= Bancroft rule =

Rule that distinguishes continuous phases from dispersed phases of colloids

The Bancroft rule in colloidal chemistry states: "The phase in which an emulsifier is more soluble constitutes the continuous phase." This means that water-soluble surfactants tend to give oil-in-water emulsions and oil-soluble surfactants give water-in-oil emulsions. It is a general rule of thumb, still used, but regarded as inferior to HLD theory (Hydrophilic Lipophilic Difference), which takes many more factors into consideration.

It was named after Wilder Dwight Bancroft, an American physical chemist, who proposed the rule in the 1910s.

==Technical details==
In all of the typical emulsions, there are tiny particles (discrete phase) suspended in a liquid (continuous phase). In an oil-in-water emulsion, oil is the discrete phase, while water is the continuous phase.

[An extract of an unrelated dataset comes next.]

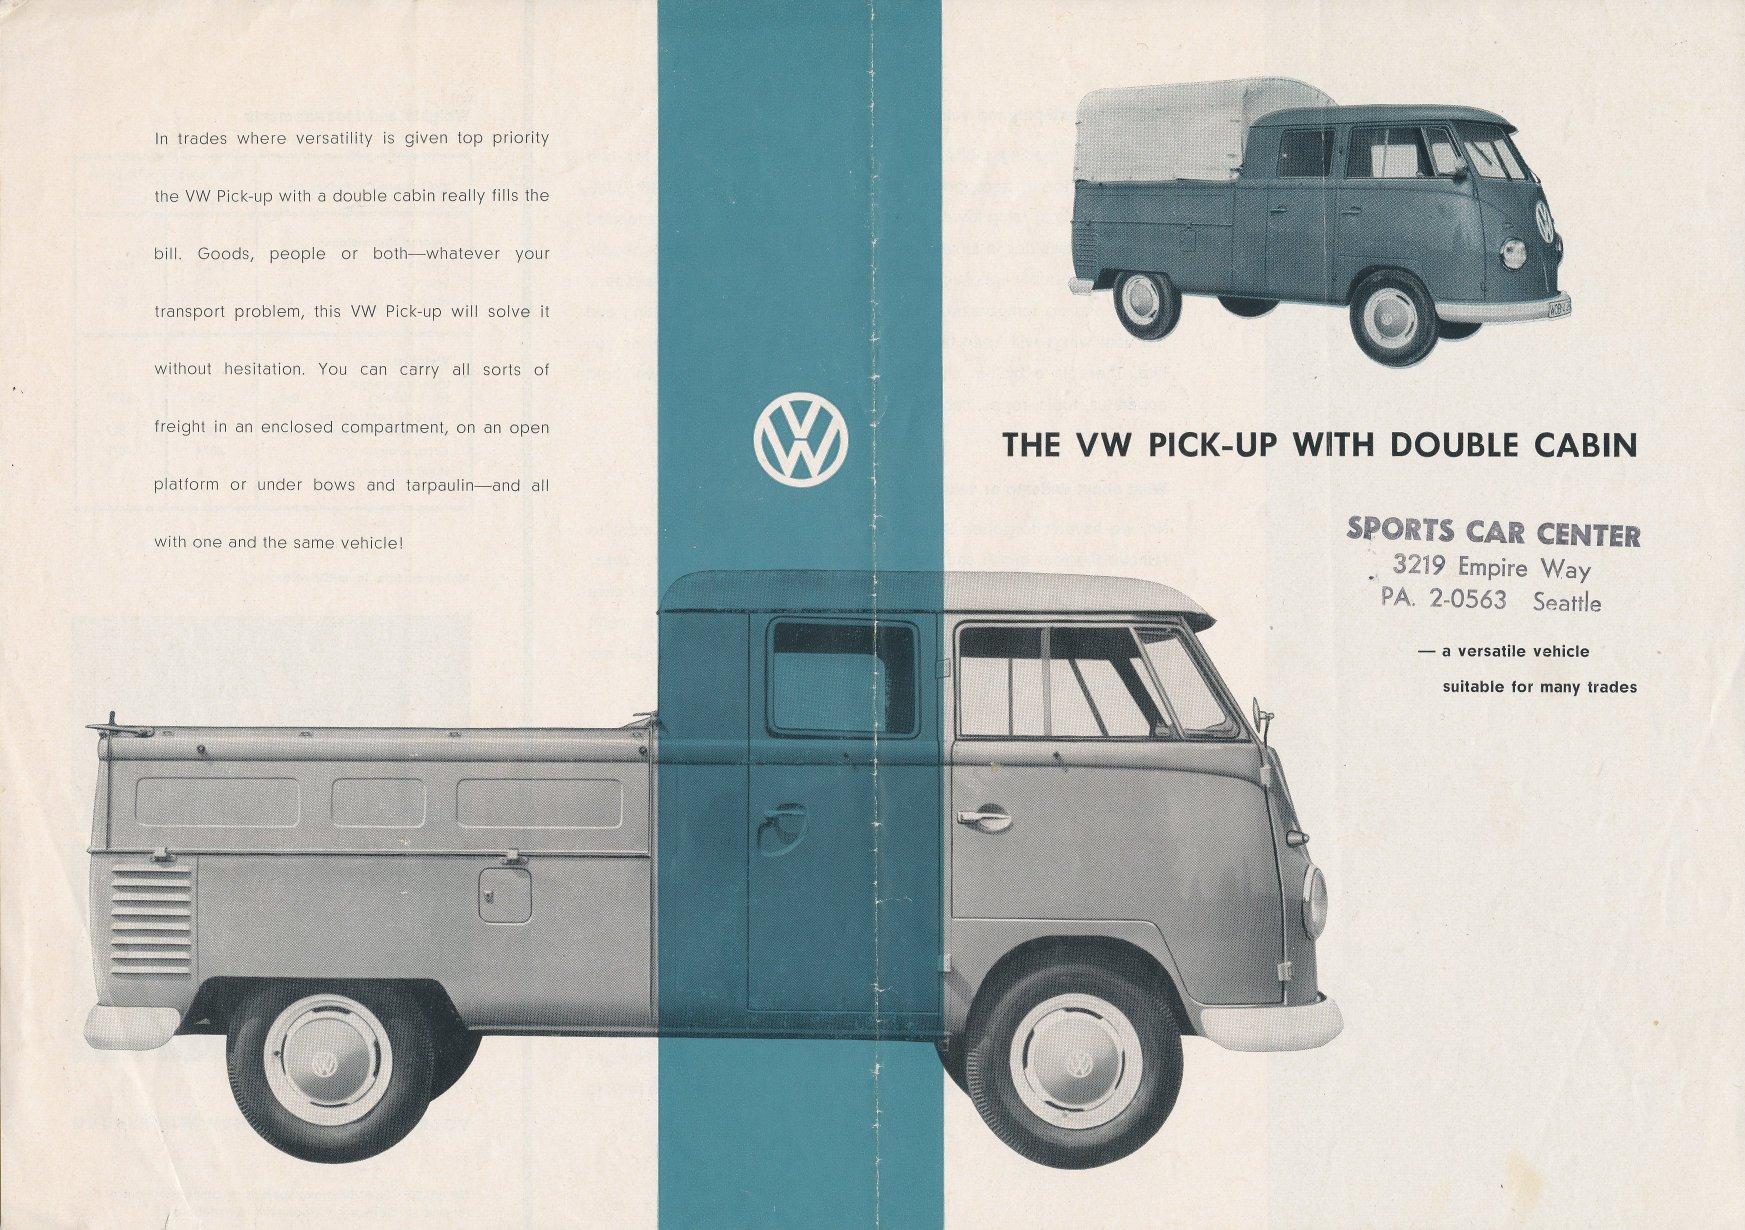 Vw archives 1959 vw double cab flyer for Garage volkswagen flers

What the Bancroft rule states is that contrary to common sense, what makes an emulsion oil-in-water or water-in-oil is not the relative percentages of oil or water, but which phase the emulsifier is more soluble in. So even though there may be a formula that's 60% oil and 40% water, if the emulsifier chosen is more soluble in water, it will create an oil-in-water system.

There are some exceptions to Bancroft's rule, but it's a very useful rule of thumb for most systems.

The hydrophilic-lipophilic balance (HLB) of a surfactant can be used in order to determine whether it's a good choice for the desired emulsion or not.

- In oil-in-water emulsions – use emulsifying agents that are more soluble in water than in oil (High HLB surfactants).
- In water-in-oil emulsions – use emulsifying agents that are more soluble in oil than in water (Low HLB surfactants).

Bancroft's rule suggests that the type of emulsion is dictated by the emulsifier and that the emulsifier should be soluble in the continuous phase. This empirical observation can be rationalized by considering the interfacial tension at the oil-surfactant and water-surfactant interfaces.